Although Plantinga’s content is excellent, his delivery is poor.  After reading the writings of C.S Lewis, a giant of an author, Plantiga’s book is more than a step down.  Plantinga uses too many quotes and idea’s from other great minds that it seems as if he is not putting forth his own thoughts.  He uses so many outside references that the writing becomes exegetical and boring.  Although Plantinga is a very skilled author his book is comparable to that of a top chef cooking a meal with very powerful spices.  Each spice the cook uses is a quote by C.S. Lewis, St. Augustine, or T.S Eliot.  Although each spice can make a certain meal delicious, too many powerful spices can confuse the taste of the meal and actually damage the flavor that the chef was trying to achieve.  Similarly, Plantinga uses many excellent quotes to drive home his point of longing.  He unfortunately bred confusion in his writing by using too much of a good thing.

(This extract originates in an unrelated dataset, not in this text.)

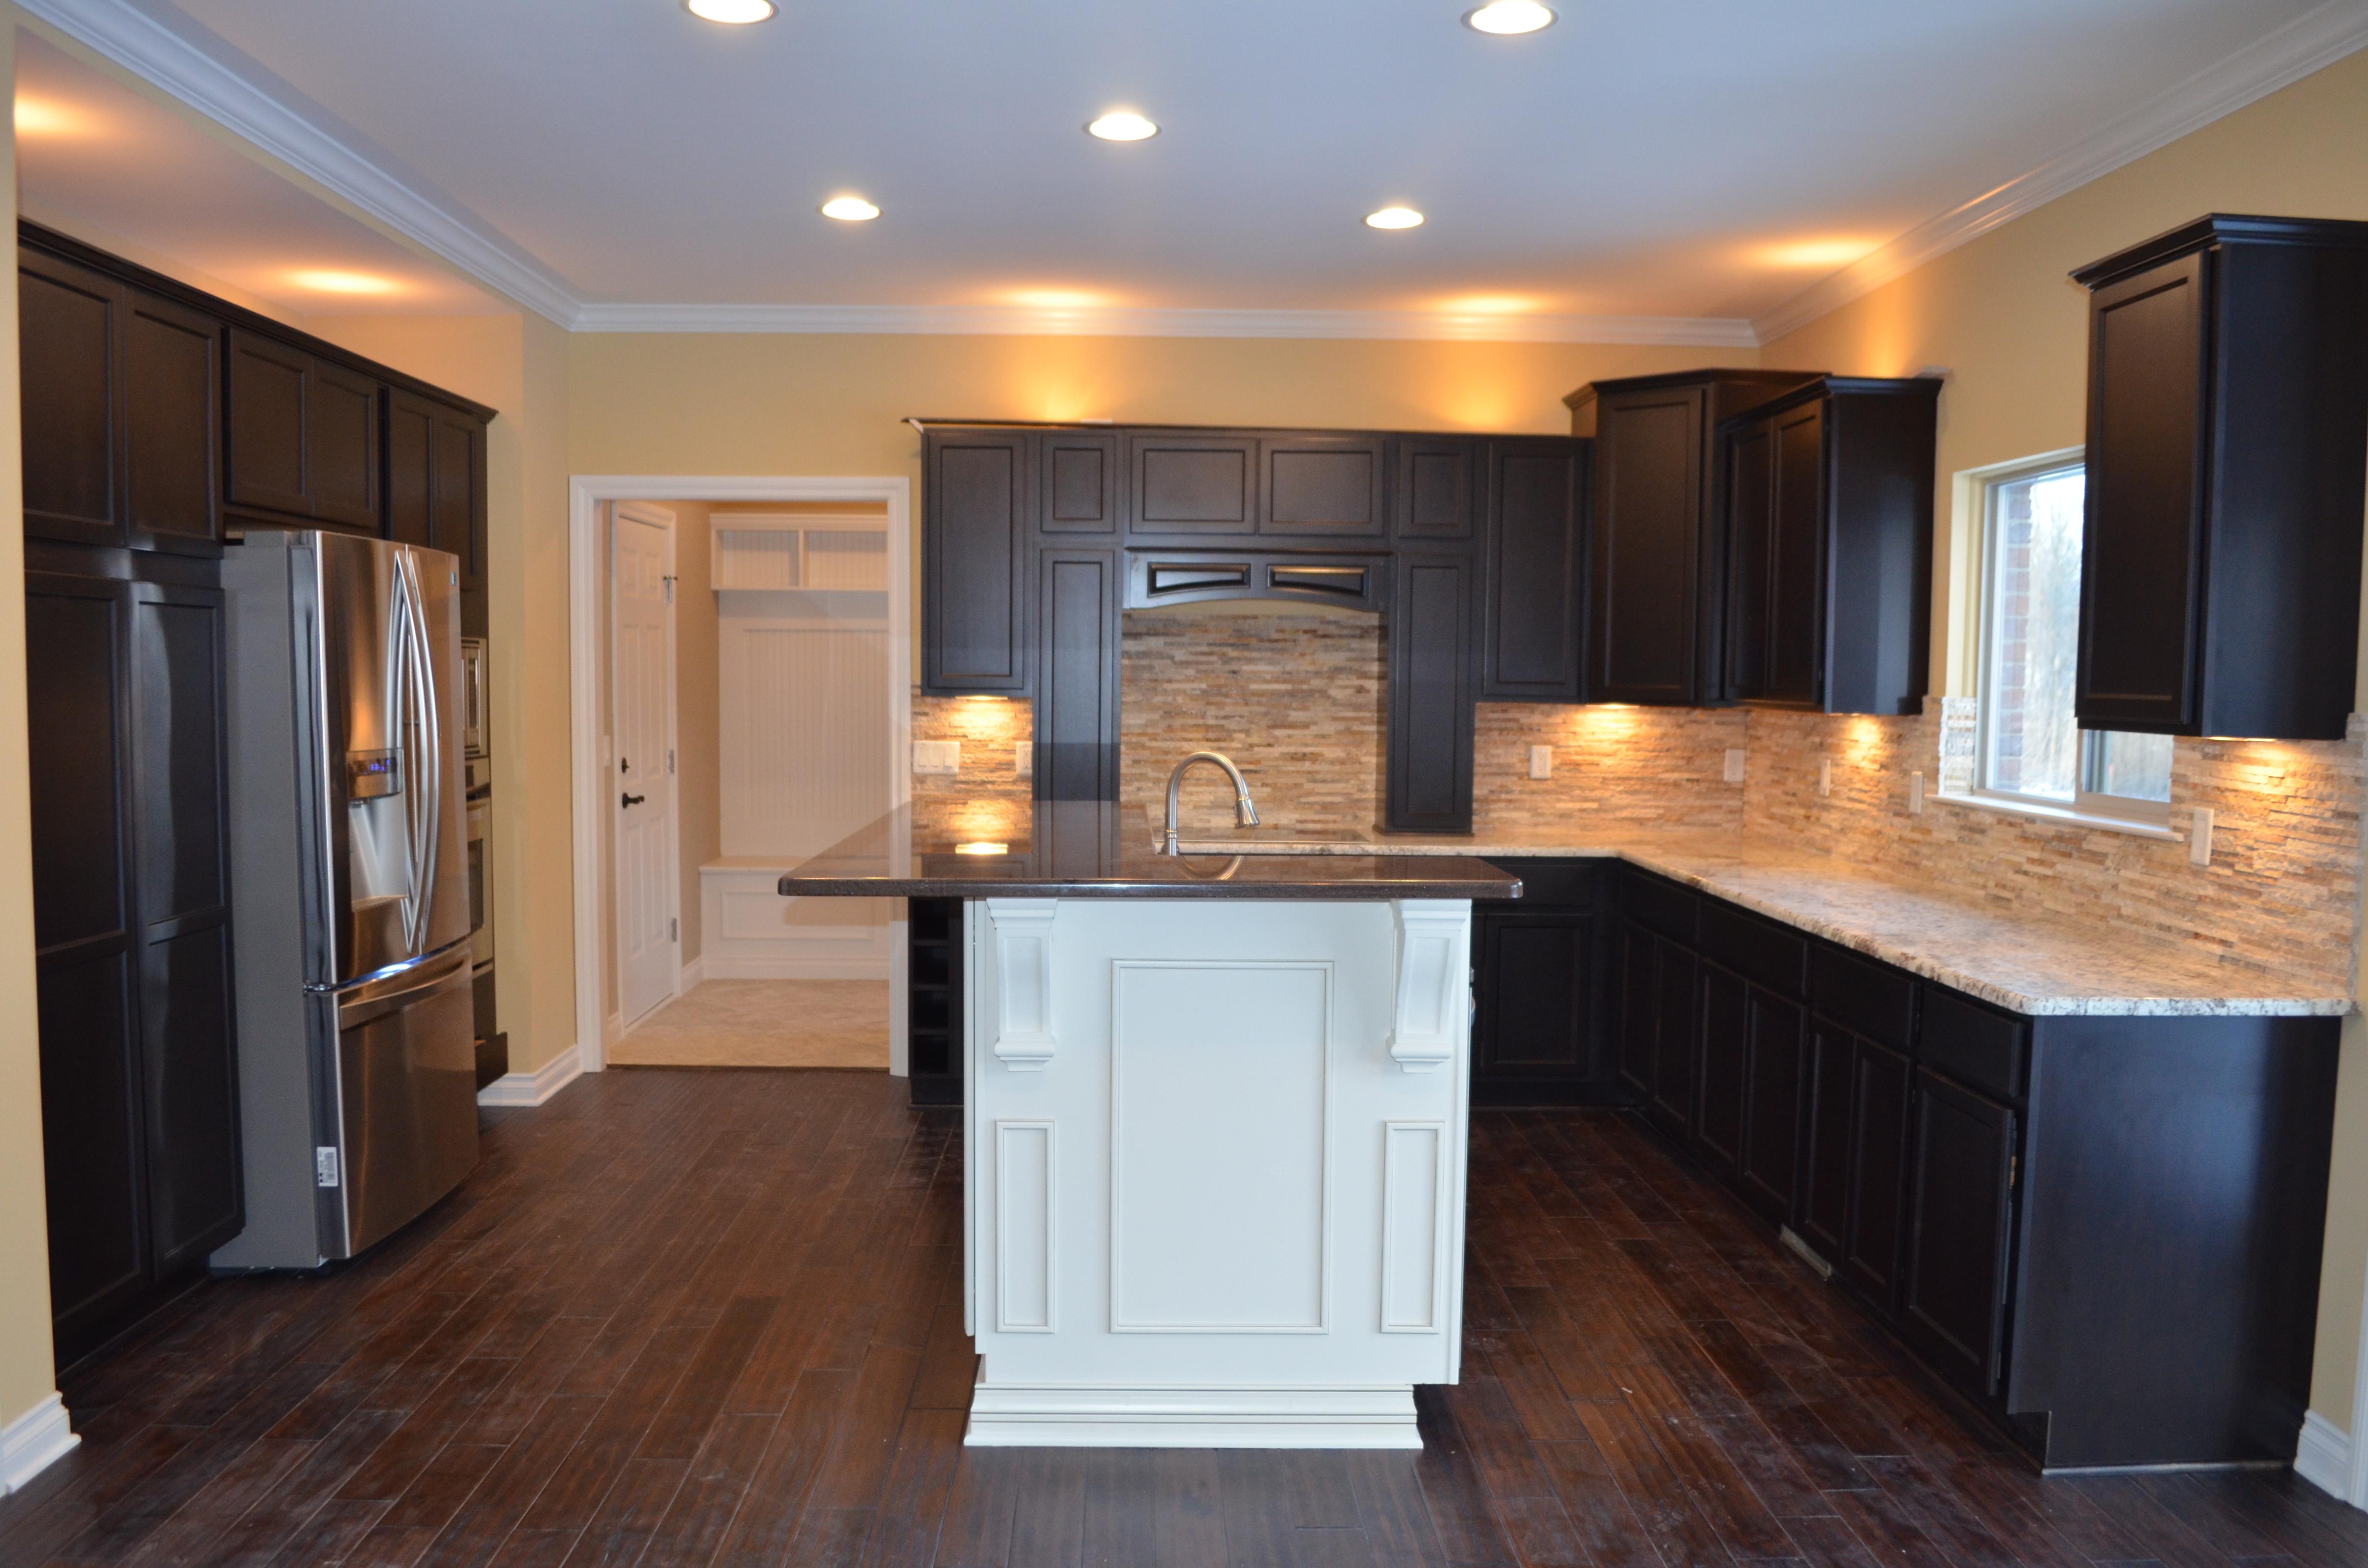 New Homes For Sale, Grand River, KI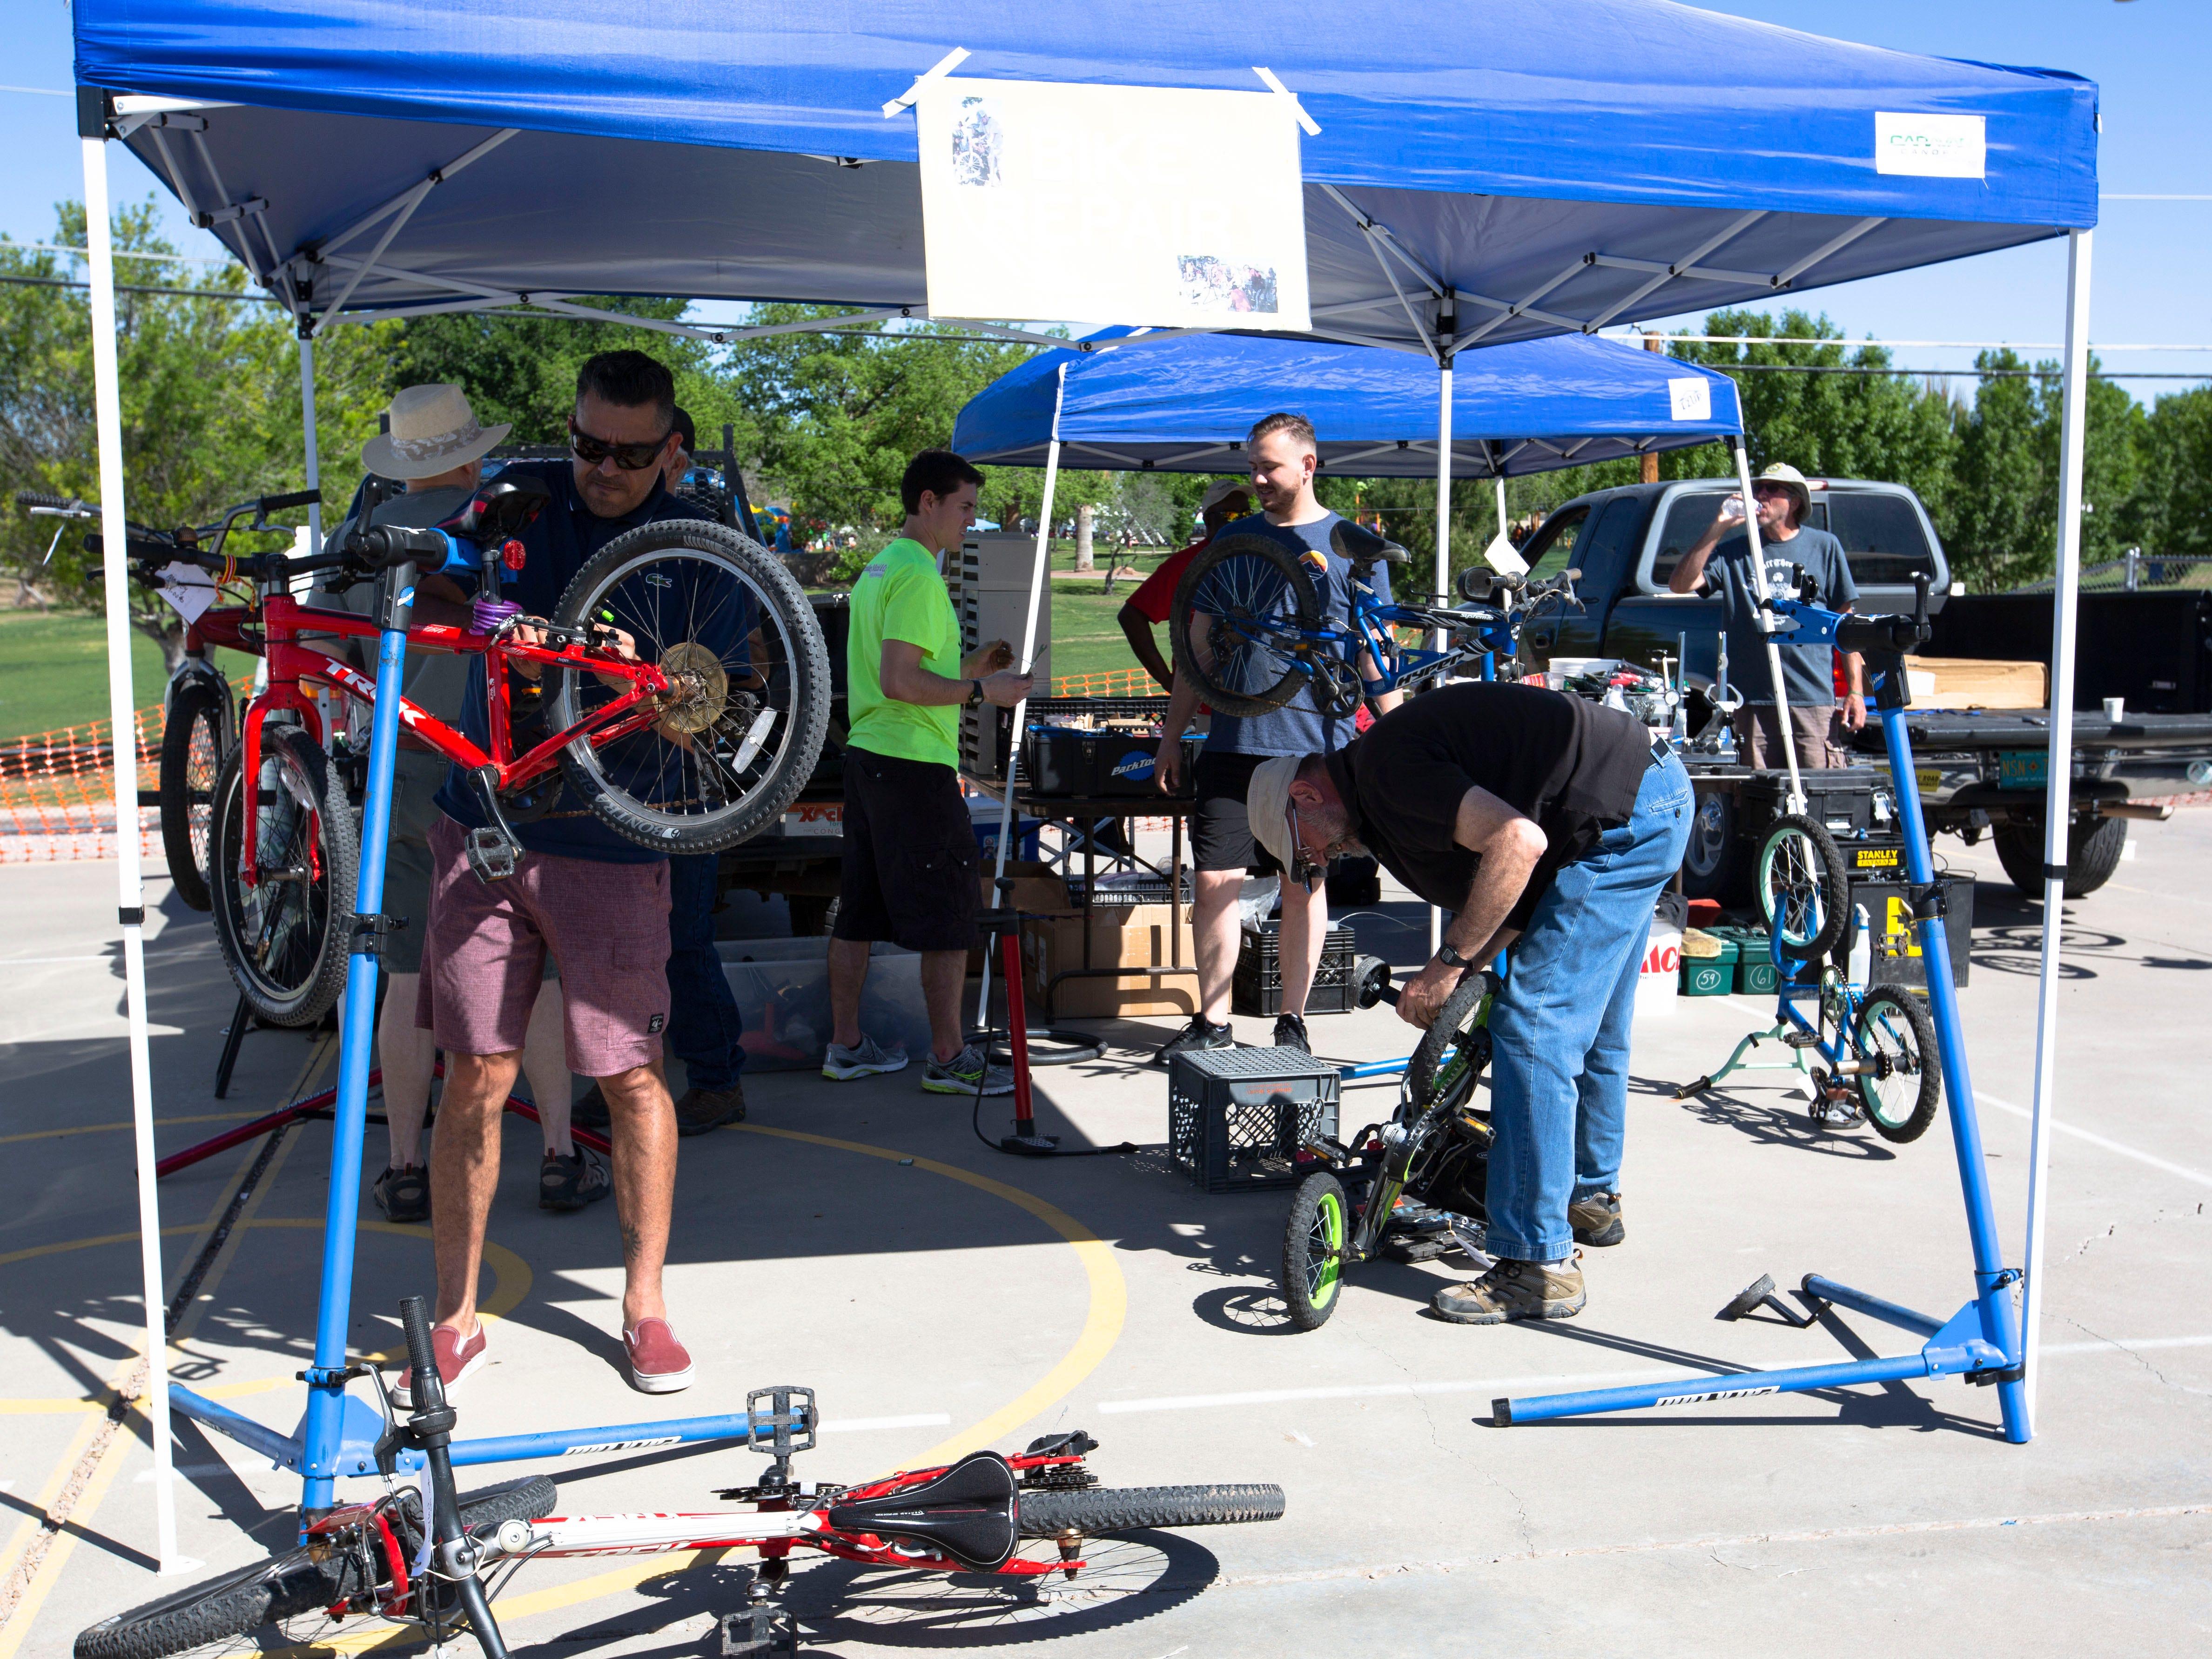 Volunteers work to repair children's bikes Saturday, April 27, 2019, at the Family Bike Fiesta at Lynn Middle School in Las Cruces.

C.S. Lewis seems to attract the reader in almost everything he writes.  Although much of his writing contains very hard to understand concepts and logic he manages to maintain interest.  This is because he seems to follow a similar structure in his essays and stories.  He starts with one metaphor, example, or story and then continues the theme throughout the piece.  Platinga started with comparing a human’s sense of longing to the feelings of Gene Forrester in A Separate Peace but also compared the same longing to multiple different stories and quotes.  He chose to maintain his content as a theme instead of merging his content with his initial example through the entire chapter.  Plantinga wrote a doctrinally solid essay on our longing for Christ and Shalom in a fallen world but he failed at keeping my interest in a book on Engaging God’s World.